# I shouldn't have went to the bow shop today!!!



## U of M Fan (May 8, 2005)

I knew if I went I would buy a new bow and of course that's exactly what happened. Bought a Mathews Creed. Light, smooth, and fast. It's a sweet shooter.


Posted using Outdoor Hub Campfire


----------



## kneedeep (May 30, 2008)

Congrats!


----------



## stickbow shooter (Dec 19, 2010)

Nice ,I am going to be looking for a new bow also.Got to give up the old recurve.


----------



## U of M Fan (May 8, 2005)

stickbow shooter said:


> Nice ,I am going to be looking for a new bow also.Got to give up the old recurve.


Lots of nice ones out there but they sure are pricey. But they will all look good hanging next to you in a U.P. tree stand!!!


Posted using Outdoor Hub Campfire


----------



## Waz_51 (Jan 10, 2010)

I was gunna say congrats but then I read that you bought a Matthews! I thought a fellow UofM man had more brains than that! Lmao jk bud, congrats on your new toy...get out there and zero it in!

PS...HOYT all the way!


----------



## hfitch (Apr 14, 2011)

Waz_51 said:


> PS...HOYT all the way!


yeah that!!! but congrats! Always fun bringing new toys home : )
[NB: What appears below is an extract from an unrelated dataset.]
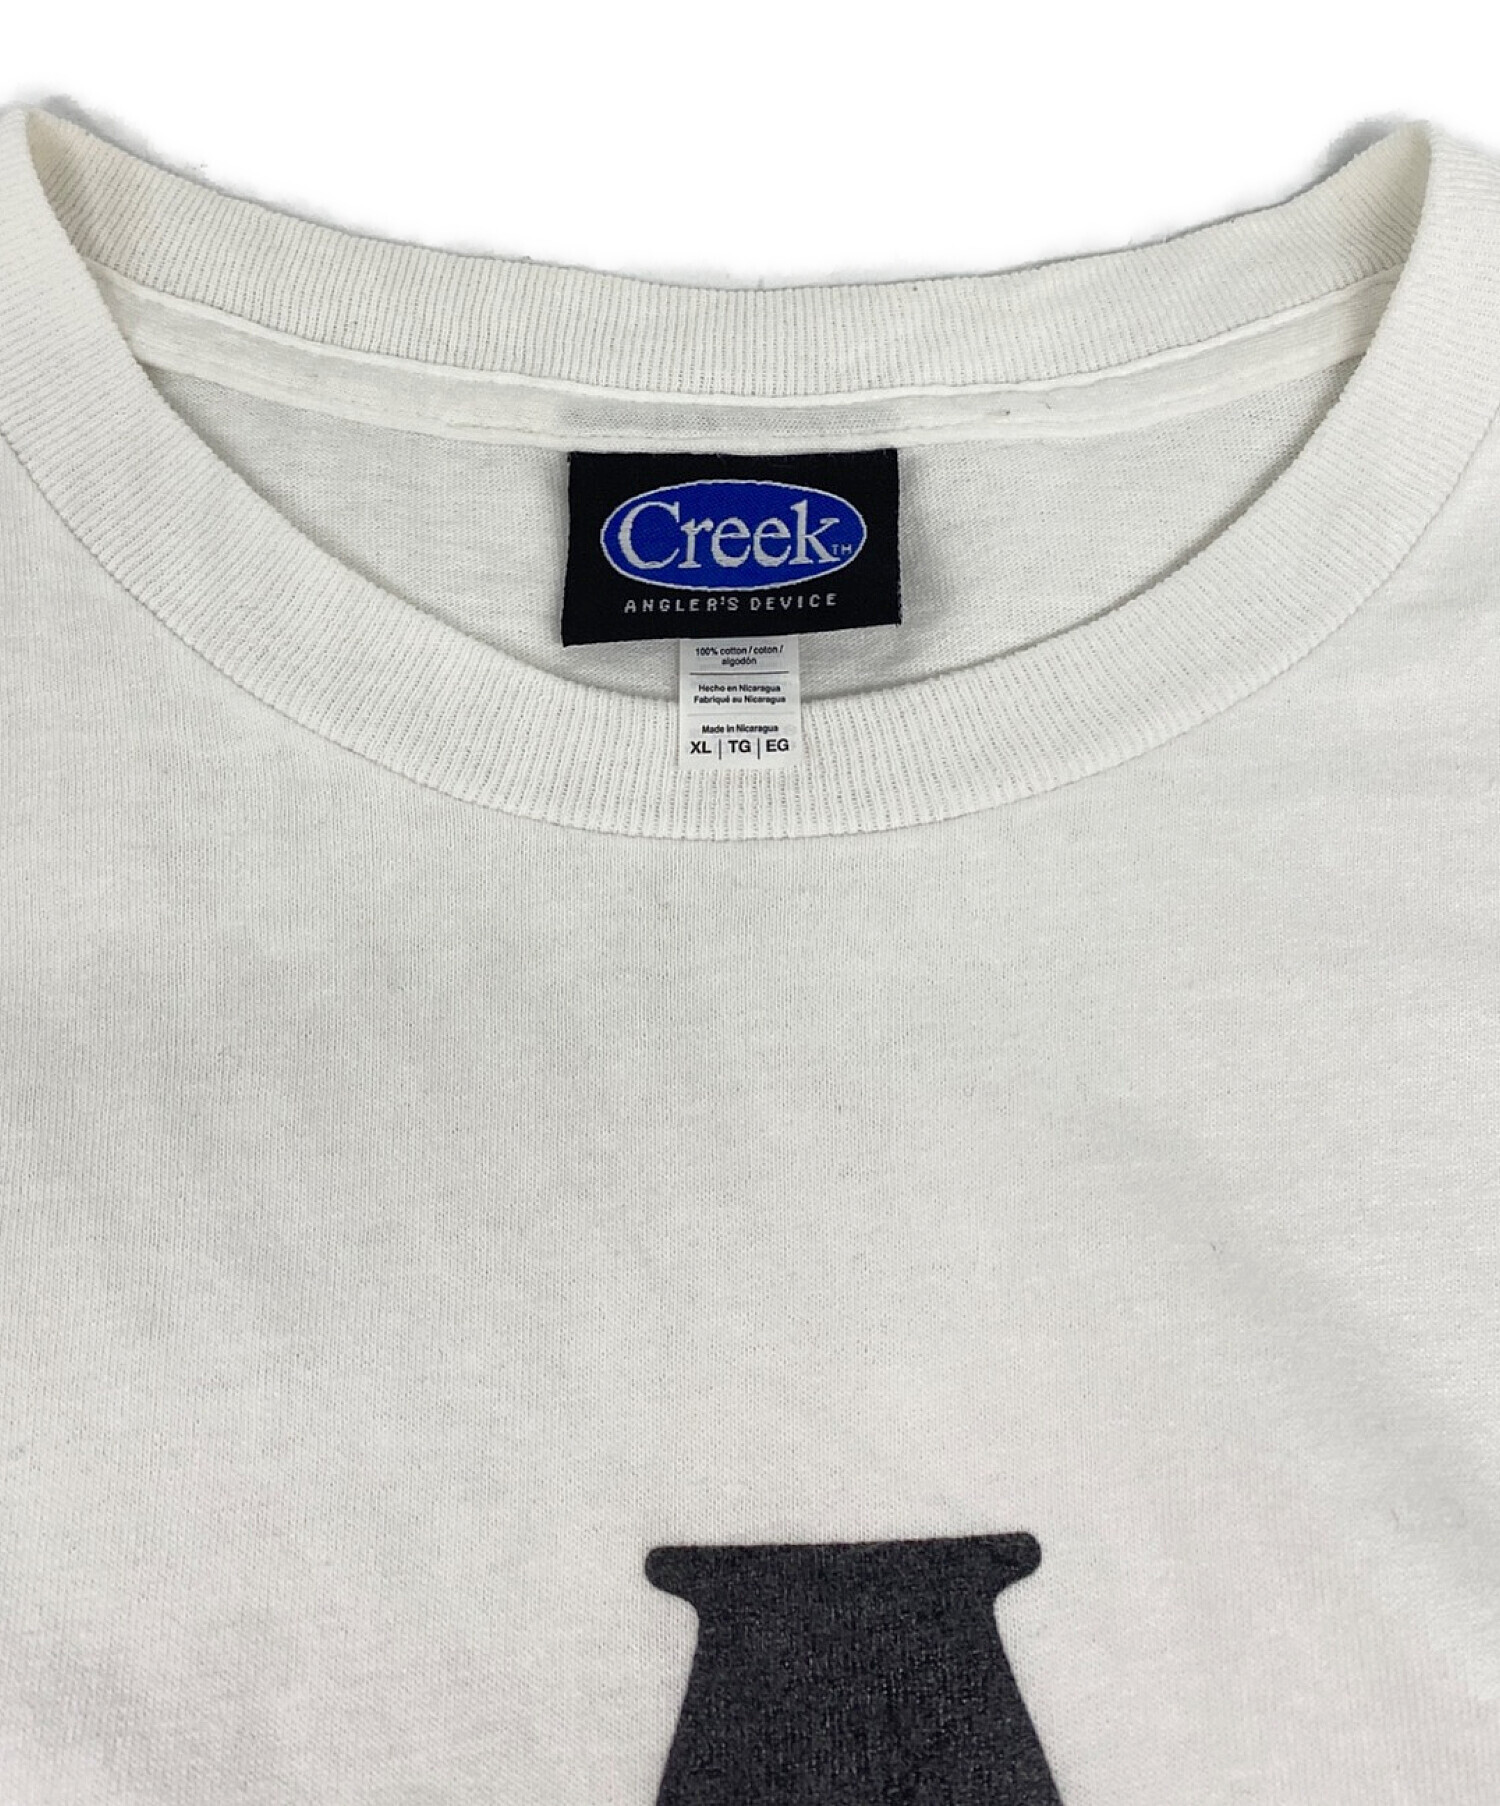 creek angler's device tシャツ XL ホワイト

Sent from my DROID3 using Ohub Campfire mobile app


----------



## stickbow shooter (Dec 19, 2010)

U of M Fan said:


> Lots of nice ones out there but they sure are pricey. But they will all look good hanging next to you in a U.P. tree stand!
> 
> Posted using Outdoor Hub Campfire


 I cant wait to get back up there.Come on November.


----------



## U of M Fan (May 8, 2005)

Waz_51 said:


> I was gunna say congrats but then I read that you bought a Matthews! I thought a fellow UofM man had more brains than that! Lmao jk bud, congrats on your new toy...get out there and zero it in!
> 
> PS...HOYT all the way!


Lol. Hoyt's are nice but not a fan of the draw on their bows. 

Can't wait to get it dialed in!!!


Posted using Outdoor Hub Campfire


----------



## johndeere506 (Oct 26, 2009)

U of M Fan said:


> Lol. Hoyt's are nice but not a fan of the draw on their bows.
> 
> Can't wait to get it dialed in!!!
> 
> ...


Congrats on the new bow. Just curious, whats different about the draw on the Hoyt? I've been shooting a Bowtech (Diamond) Liberty since 06 and I'm told it was one of the smoothest bows ever by many. Always wanted to try a Hoyt or Matthews...


----------



## MontcalmCounty (Apr 1, 2013)

I tried a Winchester now, pretty good, definitely quiet


----------



## Chevyguy28 (Dec 29, 2010)

Congrats on the new bow! Mathews are nice, but I can't part with my Prime!


Posted using Outdoor Hub Campfire


----------



## U of M Fan (May 8, 2005)

johndeere506 said:


> Congrats on the new bow. Just curious, whats different about the draw on the Hoyt? I've been shooting a Bowtech (Diamond) Liberty since 06 and I'm told it was one of the smoothest bows ever by many. Always wanted to try a Hoyt or Matthews...


The creed has a solid back wall. Don't like the valley in the Hoyt's draw cycle.


Posted using Outdoor Hub Campfire


----------



## uptracker (Jul 27, 2004)

UofM, 

If you like a solid back wall, check out an Elite next year. They're coming out with a new 36"+/- too!!! Strother's are nice too, but they have too much creep for me. The draw length needs to be EXACT for me to get past the creep.


----------



## U of M Fan (May 8, 2005)

uptracker said:


> UofM,
> 
> If you like a solid back wall, check out an Elite next year. They're coming out with a new 36"+/- too!!! Strother's are nice too, but they have too much creep for me. The draw length needs to be EXACT for me to get past the creep.


Elite would probably be my next choice. They have some sweet shooting bows. They look better too. 


Posted using Outdoor Hub Campfire


----------